Question

Heat$Q=\left( {}^{3}/{}_{2} \right)RT$ is supplied to $4$ moles of an ideal diatomic gas at temperature $\text{T}$. How many moles the gas are dissociated into atoms if the temperature of gas is constant?
(A) $\text{3}$
(B) $\text{2}$
(C) $\text{1}$
(D) Data insufficient

Answer 1

Hint Find the change in the internal energy for initial 4 moles of diatomic gas and final dissociations into atoms. One mole of diatomic gas becomes two when it gets dissociated into monoatomic gas. The internal energy for a particular type of gas depends upon how many degrees of freedom the gas has. Monoatomic gas has three degrees of freedom and diatomic gas has five degrees of freedom.
FORMULA USED: $Q=\Delta U={{U}_{f}}-{{U}_{i}}$,
$U=\dfrac{5}{2}NKT$ for diatomic gas
$U=\dfrac{3}{2}NKT$ for monoatomic gas
Where ${{U}_{f}}$ → Final Internal Energy
$N$ → No. of Moles
${{U}_{i}}$ → Initial Internal Energy
$K$ → Boltzmann Constant
$T$ → Temperature

Complete Step By Step solution
Given$Q=\left( {}^{3}/{}_{2} \right)RT$, Moles of diatomic gas = 4
Let the moles dissociated be ‘$x$’
1 mole of diatomic gas becomes 2 moles of monatomic gas when the gas is dissociated into atoms.
So, if $x$moles of diatomic gas are dissociated then they will form $2x$moles of monatomic gas.
So, ${{U}_{f}}$ (final internal energy) $=\left( 2x\times \dfrac{3}{2}RT \right)+\left( \left( 4-x \right)\times \dfrac{5}{2}RT \right)$ $[R=NK]$
$R$→ ideal gas constant for monoatomic gas for diatomic gas
And ${{U}_{i}}$ (initial internal energy) $=4\times \dfrac{5}{2}RT$ (as all moles are of diatomic gas before dissociation)
So, $Q={{U}_{f}}-{{U}_{i}}$
$\Rightarrow$ $\dfrac{3}{2}RT=\left( 2x\times \frac{3}{2}RT+\left( 4-x \right)\times \dfrac{5}{2}RT \right)-4\times \dfrac{5}{2}RT$
$\Rightarrow$ $\dfrac{3}{2}RT=3xRT+10RT-\frac{5x}{2}RT-10RT$
$\Rightarrow$ $\dfrac{3}{2}RT=3xRT-\dfrac{5x}{2}RT$
Dividing both sides by$RT$we get, $\dfrac{3}{2}=3x-\dfrac{5x}{2}$
$\Rightarrow$ $\dfrac{3}{2}=\dfrac{6x-5x}{2}$
$\Rightarrow$ $\dfrac{3}{2}=\dfrac{x}{2}$
So,
$\Rightarrow$ $x=3$
So, 3 moles of the gas are dissociated into atoms if temperature is kept constant.
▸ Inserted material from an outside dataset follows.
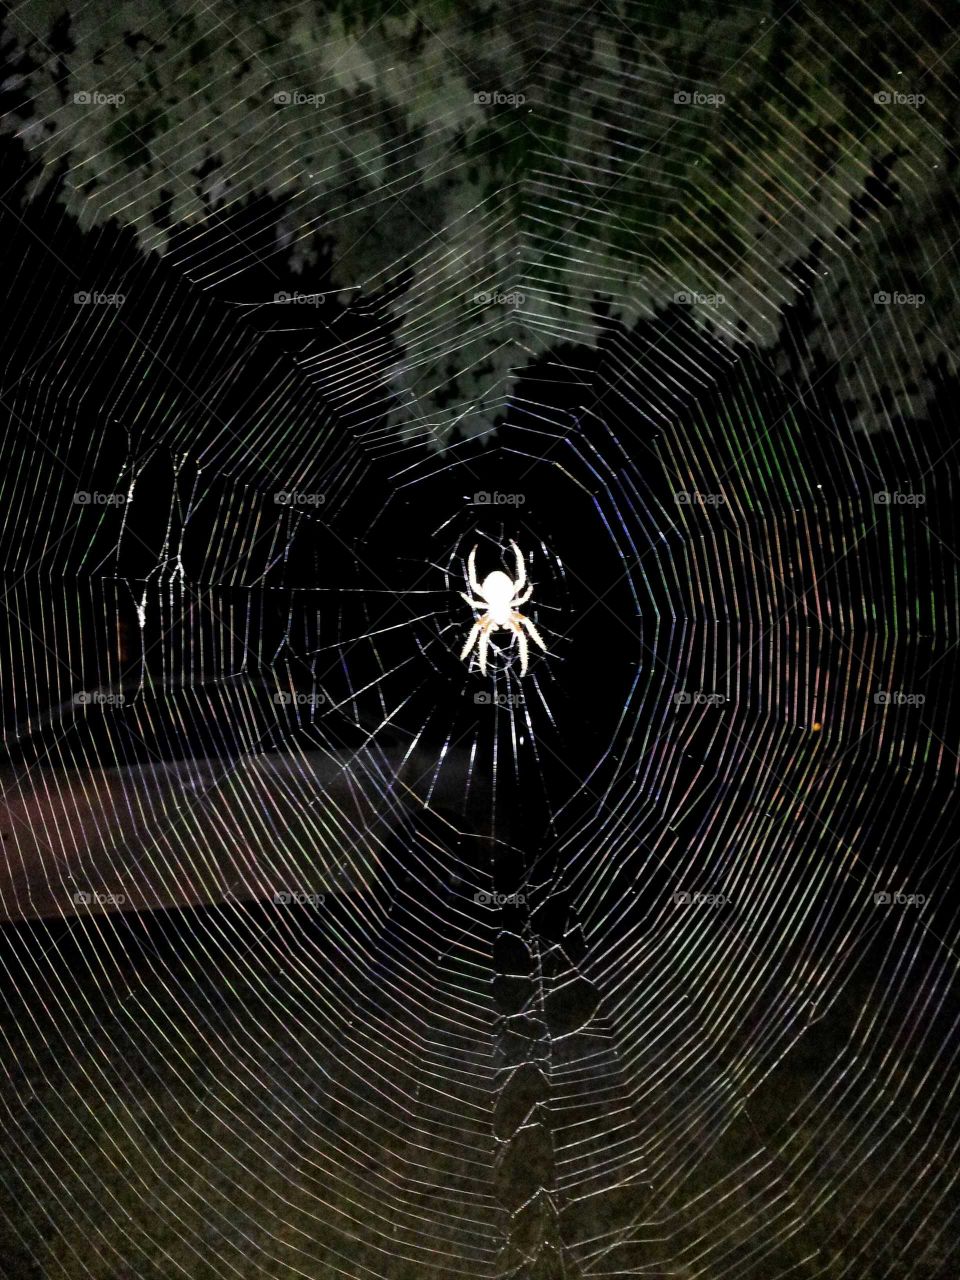 A large garden spider monitoring its web in my front yard.

So, option (i) is correct.

Additional Information Kinetic Energy is the only one, contributing to the internal energy. Each degree of freedom contributes, ${}^{1}/{}_{2}KT$ per atom to the internal energy. For monatomic ideal gases with $N$atoms, its total internal energy $U$ is given as, $U=\frac{3}{2}NKT$ and for diatomic gases, $U=\dfrac{5}{2}NKT$
The degrees of freedom ($F$) for monatomic gas is 3 and for diatomic gas is 5.
Degree of Freedom: It is the no. of values in the final calculation of a statistic that are free to vary or we can say that it is the no. of independent ways by which a dynamic system can move, without violating any constraint imposed on it.
Monoatomic gas has three translational degrees of freedom. These are due to the motion of the centre of mass of that molecule along$x-axis$, $y-axis$and $z-axis$
Diatomic molecule can rotate about any axis at right angles to its own axis. Hence it has two degrees of freedom of rotational motion in addition to three degrees of freedom of translational motion.

Note Concepts of thermodynamics and its laws should be studied well. Degrees of Freedom of various types of molecules should be known along with their internal energies. The role of temperature can be studied and its effect on the variation of internal energy.